The Worlds on Opposite Poles

My nose was poked three times last week. As the UAB medical personnel swabbed my nostrils clockwise, the smell of rubber gloves and cotton tips brought me back to the hotel room in China two years ago, where I spent fourteen days quarantining right after entering the country. It was a similar occasion, the Covid testing. However, I couldn’t match the figure of the Chinese medical personnel in front of me, armed with Biohazard suits, goggles, and N95 mask, to his UAB counterpart with a surgical mask on. 



Spending the past two years in both countries, I’ve witnessed countless contrasts as such. While the covid cases in the United States surfaced one million, Xi’an, the city of four million and  home to my grandparents, entered the second most strict lockdown in China. With the Zero Covid policy, China landed herself on the polar opposite to the United States. The paralleled realities of the two countries befell upon me and other Chinese international students. 


One direct ambivalence upon most of the Chinese students is that they have to keep themselves from getting Covid amid the surging cases in America. Since last year, when the Delta variant went viral in America, the Chinese embassy restricted the policies for admitting Chinese citizens to return to China. The returning Chinese citizens need to test negative not only for Covid but also the IgM antibody, which will stay positive from one to six months after one has gotten Covid. In another word, if the Chinese students want to return home, they can’t get Covid. Fortunately, the community at Indian Springs has provided the Chinese students with a relatively safe environment from Covid. 
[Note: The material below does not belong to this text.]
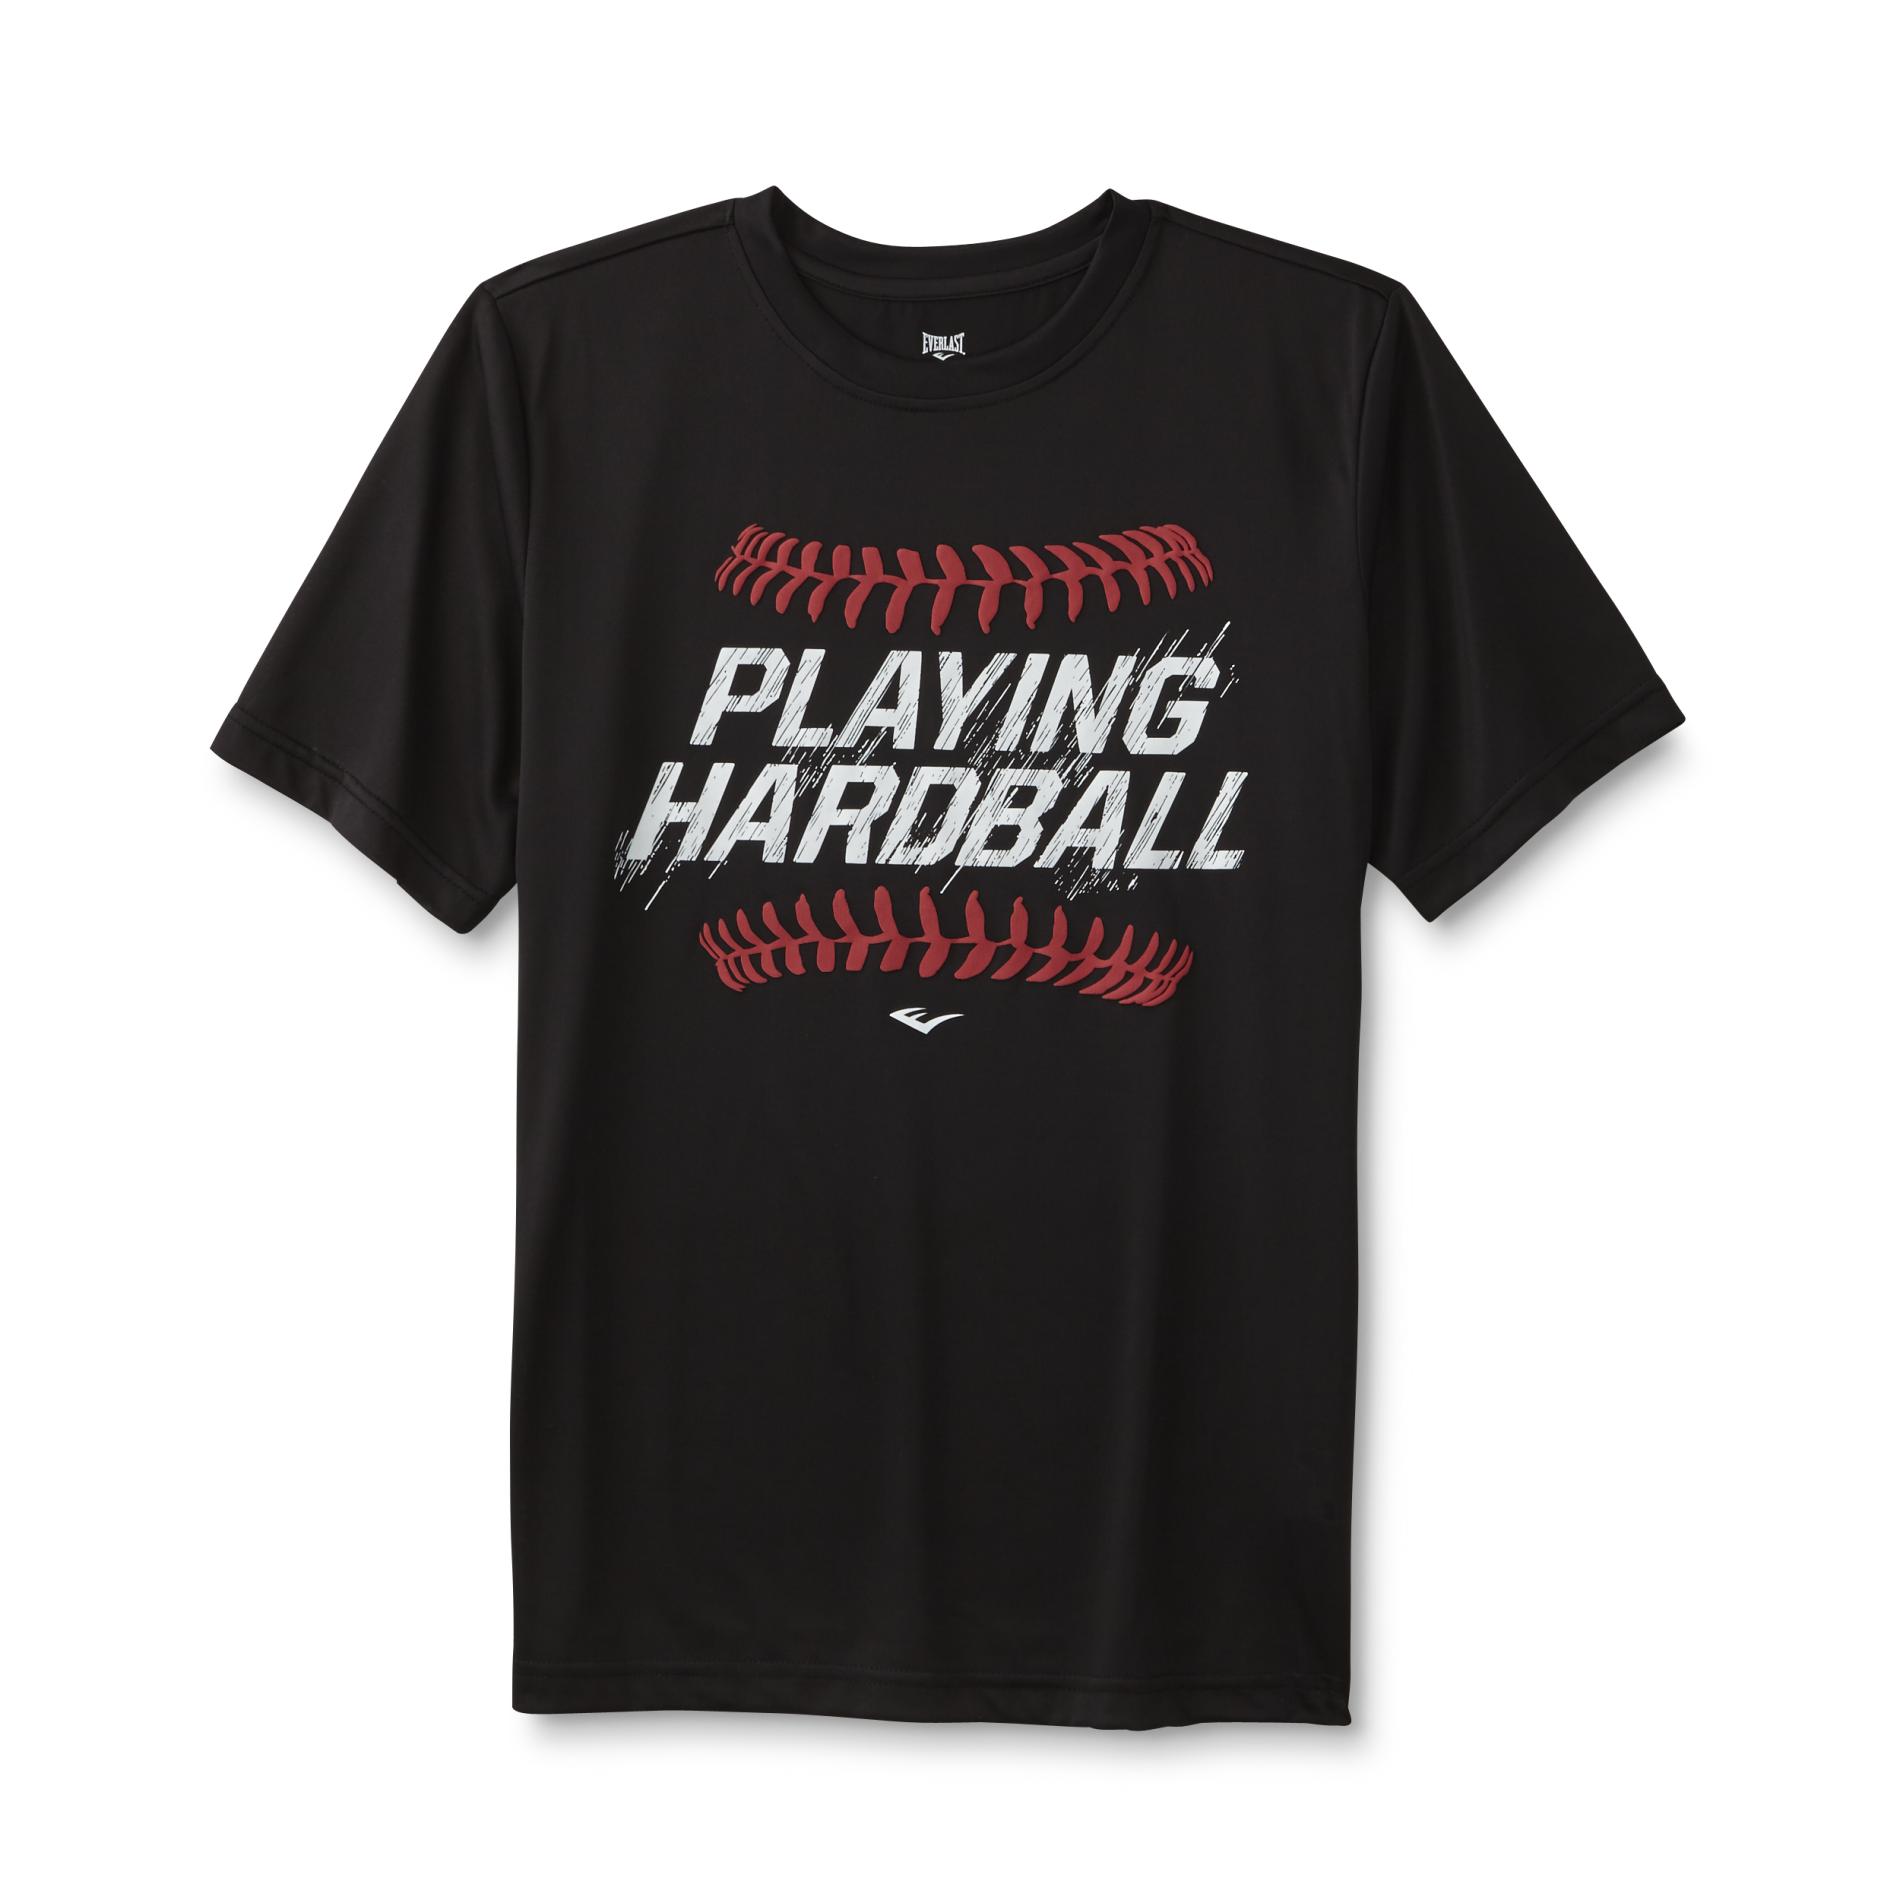 Everlast&reg; Boy's Graphic Athletic T-Shirt - Playing Hardball

Another contrast that I am facing specifically is the huge difference between the attitudes toward Covid in America and China. To lots of people in China, it seems unbelievable that the Americans are still keeping their society functioning with hundreds of thousands of cases emerging per day. To lots of people in America, it also seems unbelievable how the Chinese manage to endure such restrictive lockdown and “zero-case” policies and some began to doubt whether the Chinese government is really keeping the Covid numbers low or it’s just fake numbers. In the past two years, I am growing used to such incongruity. In the process of imbibing information from different perspectives, I am learning to figure out a way to accommodate different views. These different views build up my growing understanding of the world as a teenager and therefore lead me to have a broader perspective when viewing politics and current affairs.


My father called me yesterday. He and I are trying to figure out a way to buy the flight tickets back home this summer. We both realize that the chance of going home is waning, given the increasingly restrictive policies from the Chinese embassy.


However, if there is one thing I learned from the pandemic, it is that when there is a problem, I actively seek solutions to it, because I know that panic will not help me at all. I don’t suppress my emotions, including panic, because one cannot deny one’s own emotions. But I also recognize that the best way to soothe the panic is to try to solve the problems. Besides, even if I can’t return to China this summer, I might as well book an Airbnb in Birmingham with other Chinese dudes and experience the lives in this city. I am a dancer, dancing and jumping between the two opposite poles of the world. No matter what, I will belong to a place.